Aussie scientists push transistor barrier

Australian scientists from the Centre of Quantum Computing Technology, have pushed the boundaries of atomic scale fabrication by building a wire only three atoms thick, opening the possibility of new chip architectures.

Australian scientists from the Centre for Quantum Computing Technology, have pushed the boundaries of atomic scale fabrication by building a wire only three atoms thick, opening the possibility of new chip architectures.

"We are interested in the fundamentals of what can and can't be done," said Michelle Simmons, program manager at the research centre's UNSW branch. "The semiconductor industry must figure out when Moore's Law will fail."

Simmons' wire was created by placing single phosphorus atoms in a wafer of silicon using a scanning tunnel microscope. Simmons said her research has caught the interest of IBM, who believes her research may hold the potential for new device architectures.

Simmons says her team have been "collaborating with IBM researchers". IBM has been investigating and manipulating atomic scale devices, saying this technology holds the key to the future of computers and medicine.

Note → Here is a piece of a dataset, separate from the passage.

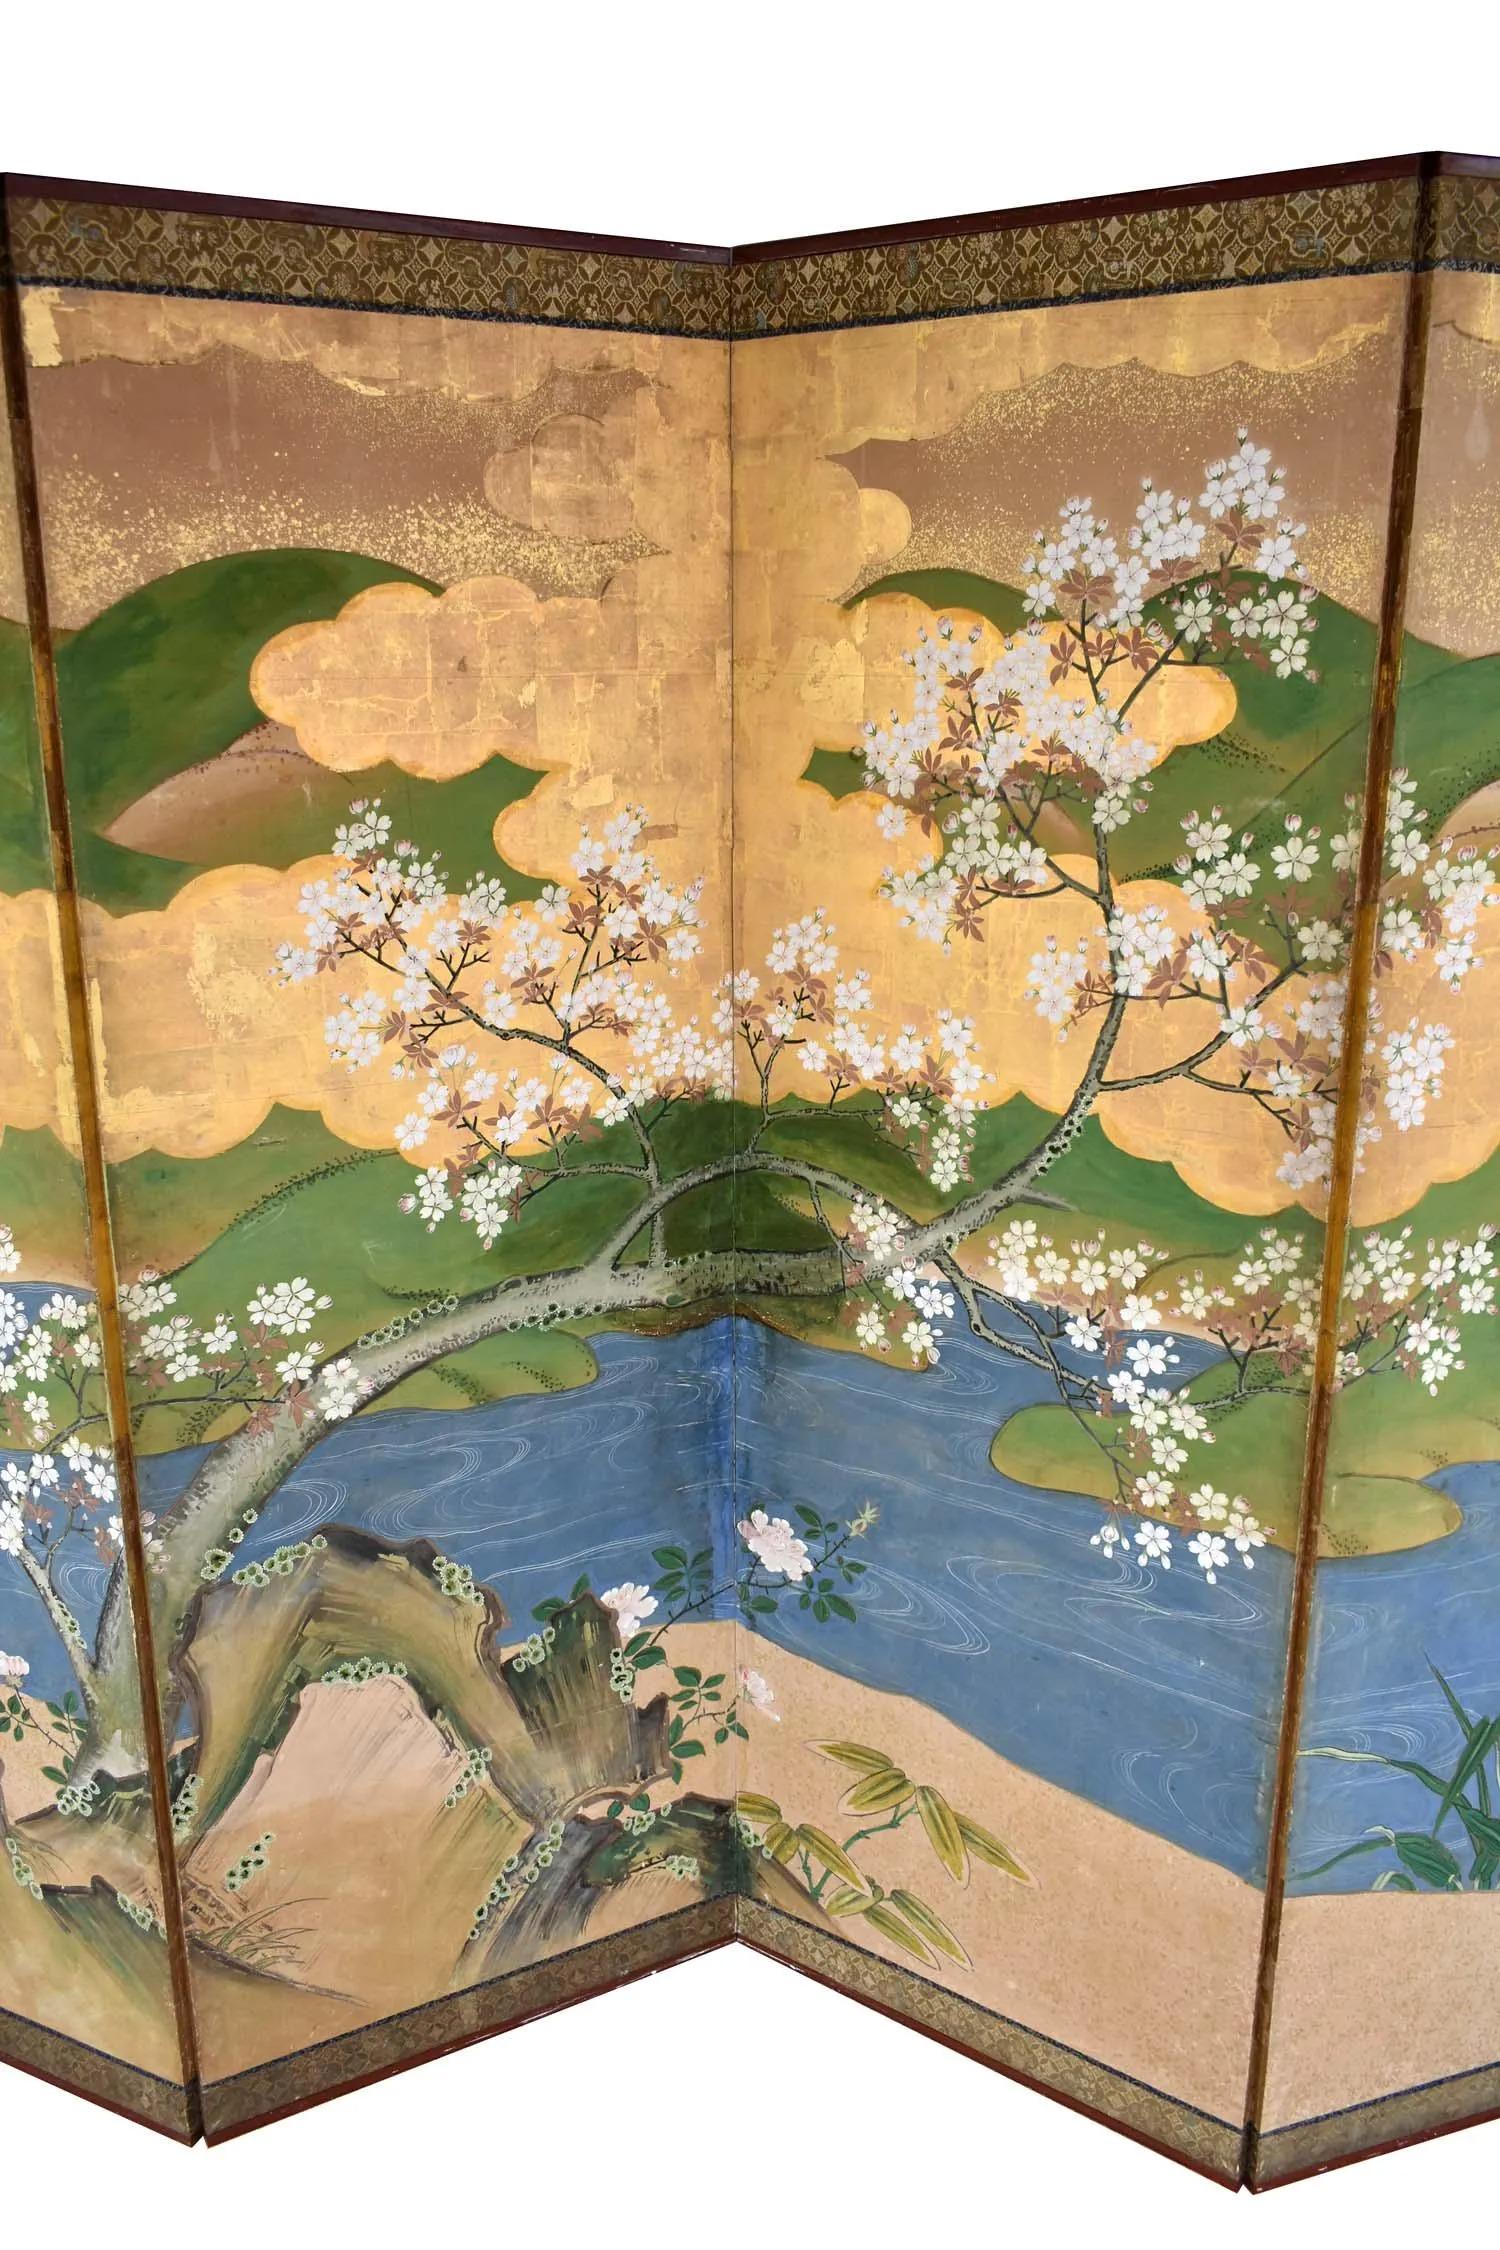 antique japanese folding screens

Simmons travelled to the US to give talks on nano fabrication, which attracted AU$50,000 "seed funding" from the US-based Semiconductor Research Corporation. The Centre for Quantum Computing Technologies has also received funding from the Australian and US Departments of Defence.

Such single atom fabrication is also another step towards building single atom transistors, the first step in creating quantum computers. While no working prototypes exist, quantum computers are theorised to be much faster than today's machines. This has lead to an interest from defence institutions, as quantum computing promises the ability to crack high level encryption in a fraction of the time it takes today.